2. We want to make sure the calculation from 3a was correct, so we can do it the stupid way (year by year). After year 2: it will be year_1 <- 100000 * 0.01 + 100000; after year 2, it will be year_2 <- year_1 * 0.09 + year_1, and so on. This can be done using a for-loop:
```
rates <- c(1.01, 1.09, 1.06, 1.02, 1.15)
money <- 100000                # starting money
for (r in rates){              # for every rate
  money <- money * (r-1) + money   # calculate the new money amount and re-write itself
}                              # the loop will move on to next rate (year)
print(money)                       # return the final value
```
3. Do the two values match? Was the calculation from 3a correct?
4. Instead of using arithmetic mean, calculate the geometric mean of rates and then use the compound interest formula to calculate the amount of money after 5 years again. Is it correct this time?
```
rates_gmean <- exp(mean(log(rates)))
final_money <- 100000 * (rates_gmean^5 - 1) + 100000
```
Harmonic mean can be easily confused with geometric mean. There is a good canonical example in real life: the travelling over physical space at different rates (i.e. speeds). Let’s say you want to visit the famous Blenheim Palace after having this lesson.
1. Using Google Maps, estimate the distance between Blenheim Palace and where you are now.
2. Assume that on your way there you are driving 30 mph the entire way, and sadly, on the way back traffic is crawling and you are driving 10 mph the same entire way. What is the arithmetic mean of your speed across this entire trip?
3. It, of course, is incorrect. Why? How can we apply the arithmetic mean correctly? Consider a weighted arithmetic mean approach, taking account into how much time it takes both ways.
4. Now we will try using the harmonic mean instead:
```
speeds <- c(30,10)
h <- length(speeds)/sum(speeds^(-1))
print(h)
```
5. Et voilà! What is the relationship between the weighted arithmetic mean and the harmonic mean?

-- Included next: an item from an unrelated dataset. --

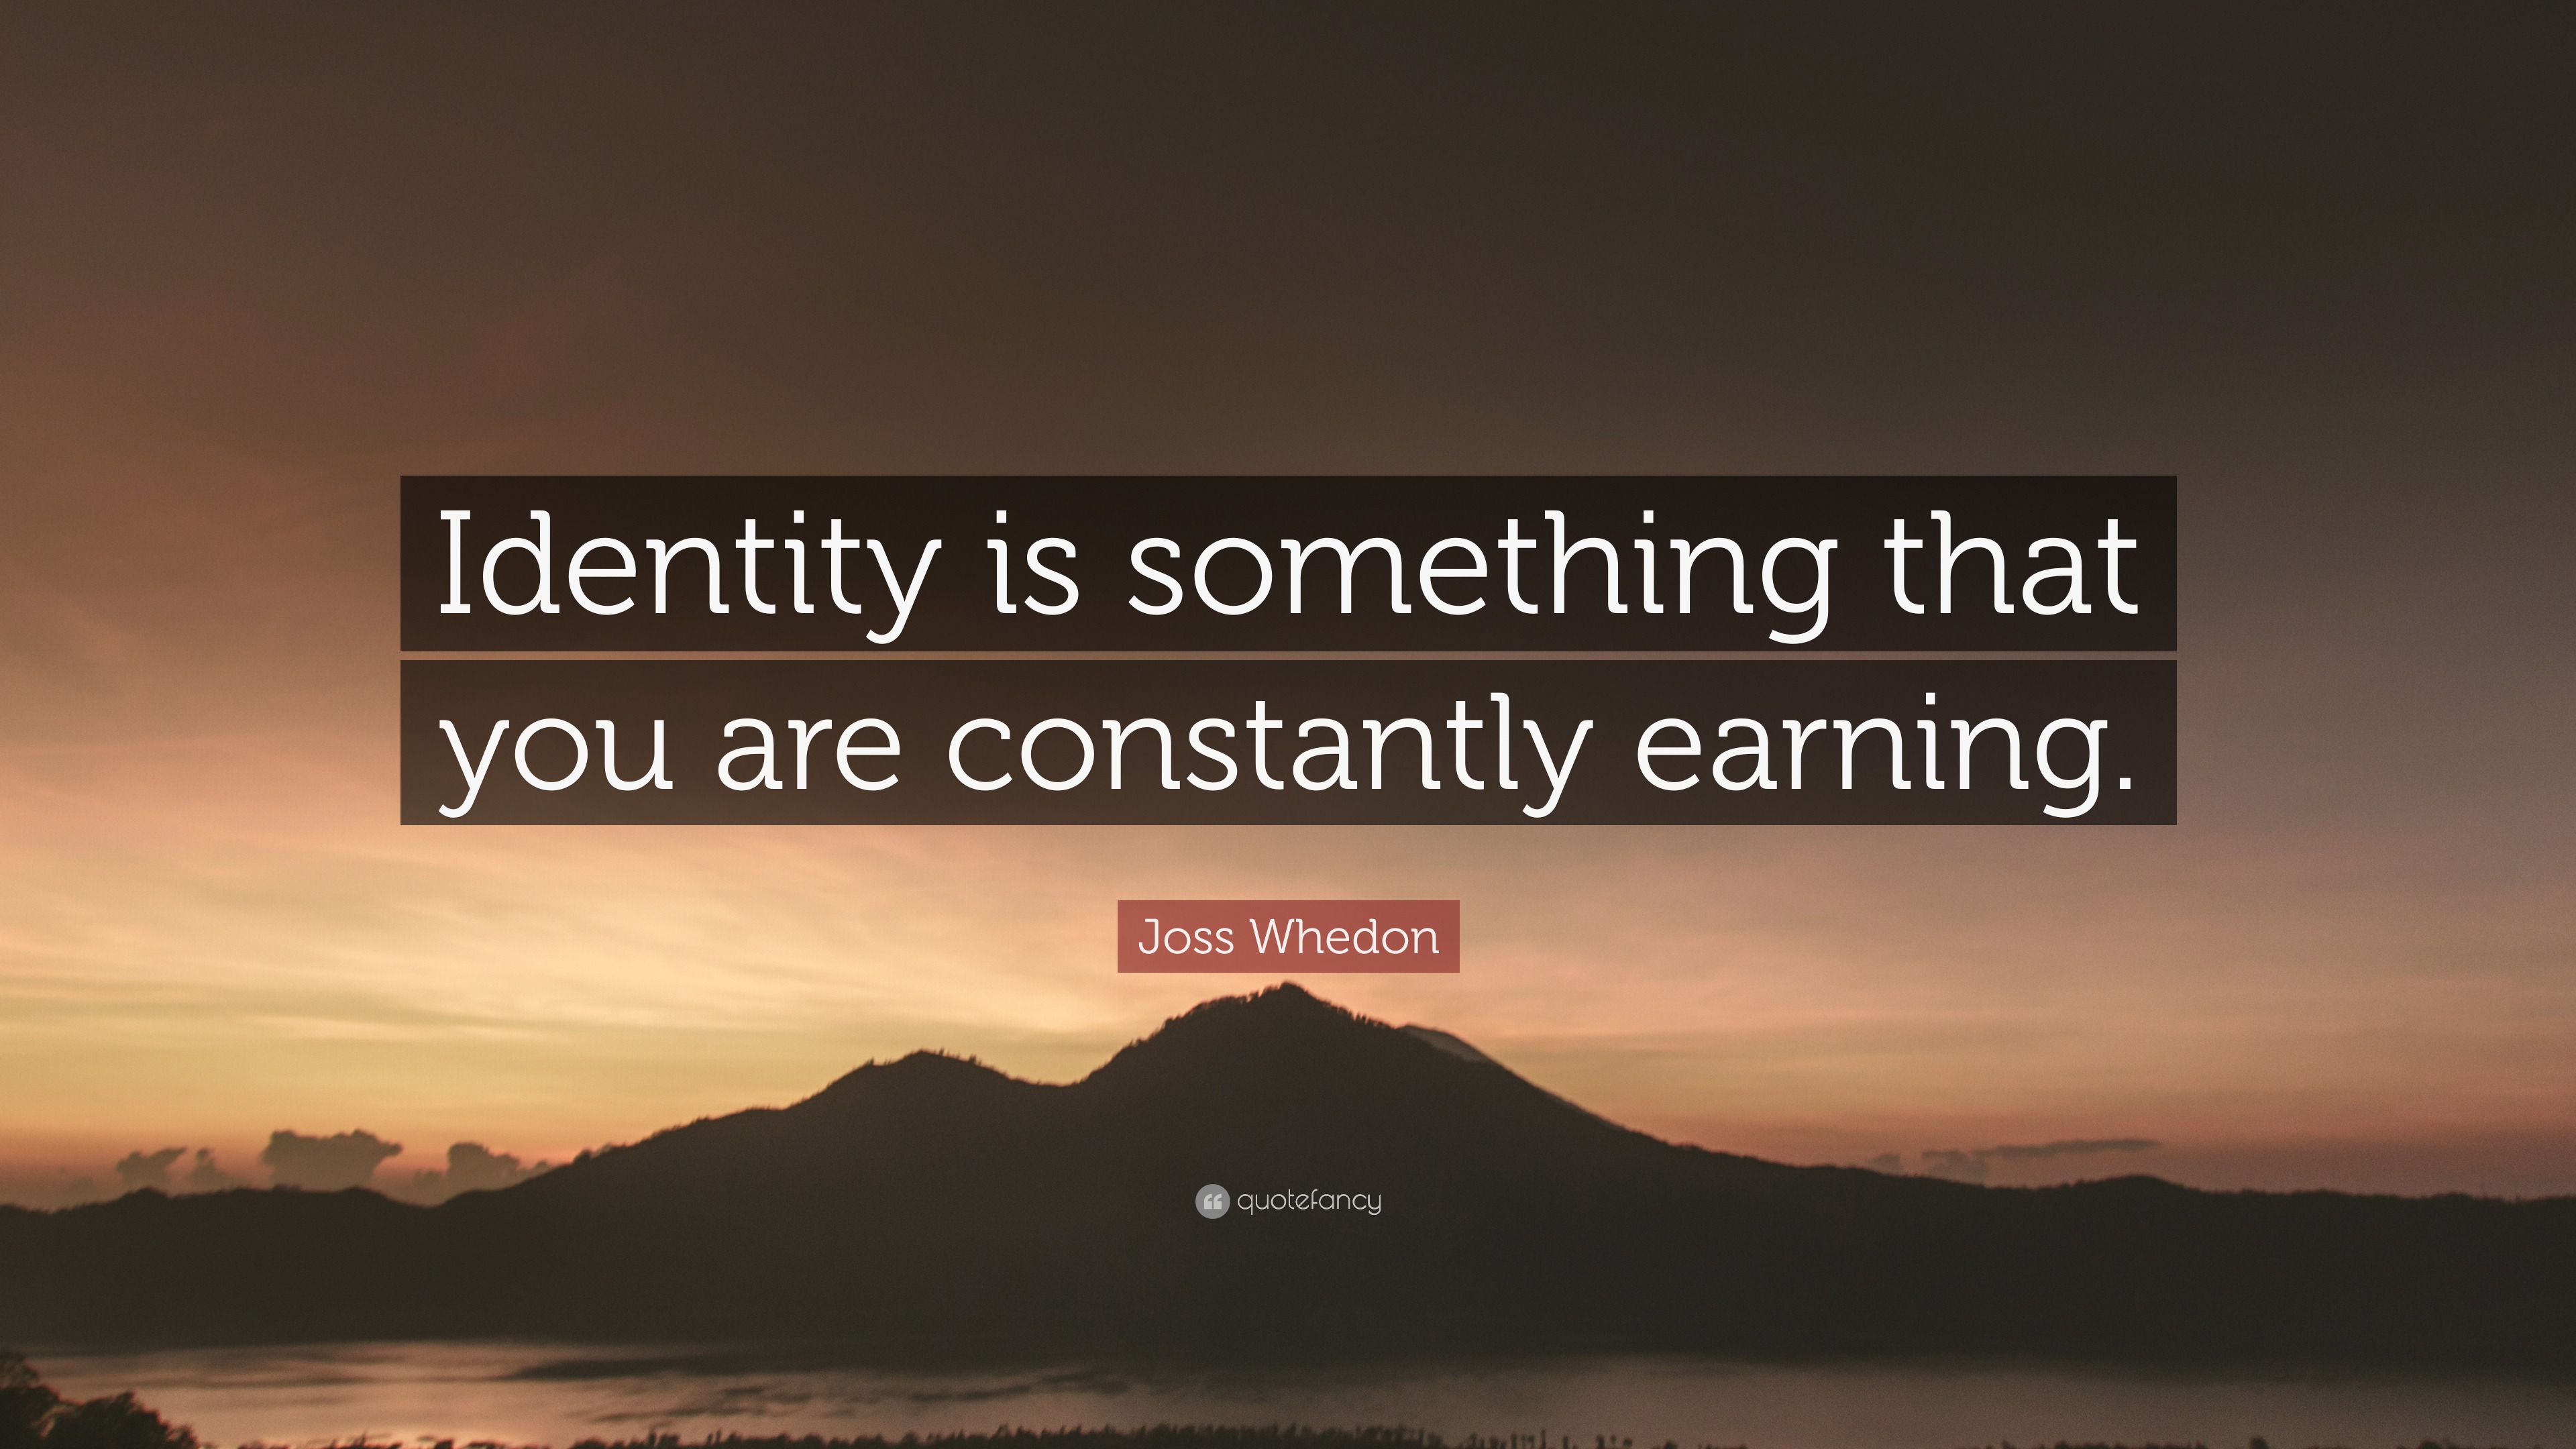 Joss Whedon Quote: “Identity is something that you are constantly

R has some built-in data sets that are useful for practice. We will practice drawing boxplot and computing interquartile range with one of those.

mtcars is a built-in data set and has many interesting measurements. Use ?mtcars to understand how this data set is generated.

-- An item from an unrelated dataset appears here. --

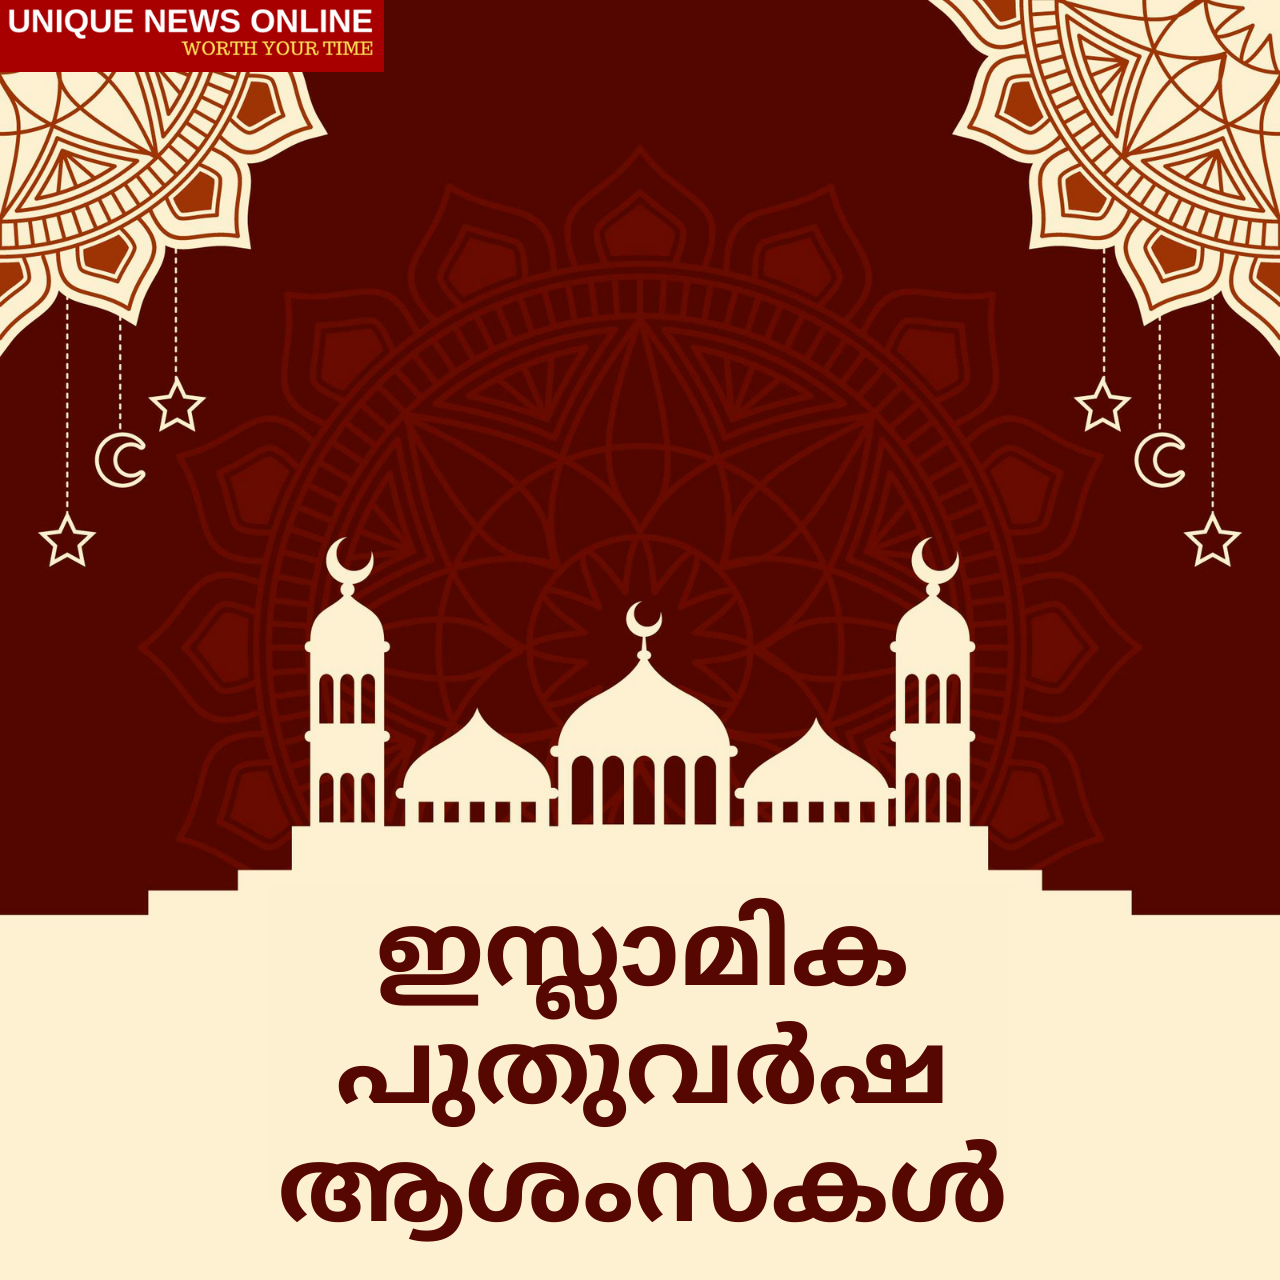 Islamic New Year 2021 Tamil and Malayalam Shayari, Greetings, HD Images, Wishes, Messages, Quotes and Status to wish your Relatives

1. We are interested in how miles per gallon (mpg) are different with groups of different number of cylinders (cyl). A simple boxplot can be built using:
```
boxplot(mpg ~ cyl, data = mtcars, main="Car Milage Data",
   xlab="Number of Cylinders", ylab="Miles Per Gallon")
```
2. cyl is treated as categorical variable here. Why?
3. summary(mtcars$cyl) gives the interquartile range. But it is not what we want, we want the interquartile range for each group. From what you have learned from subsetting and indexing, compute the IQRs for all three groups.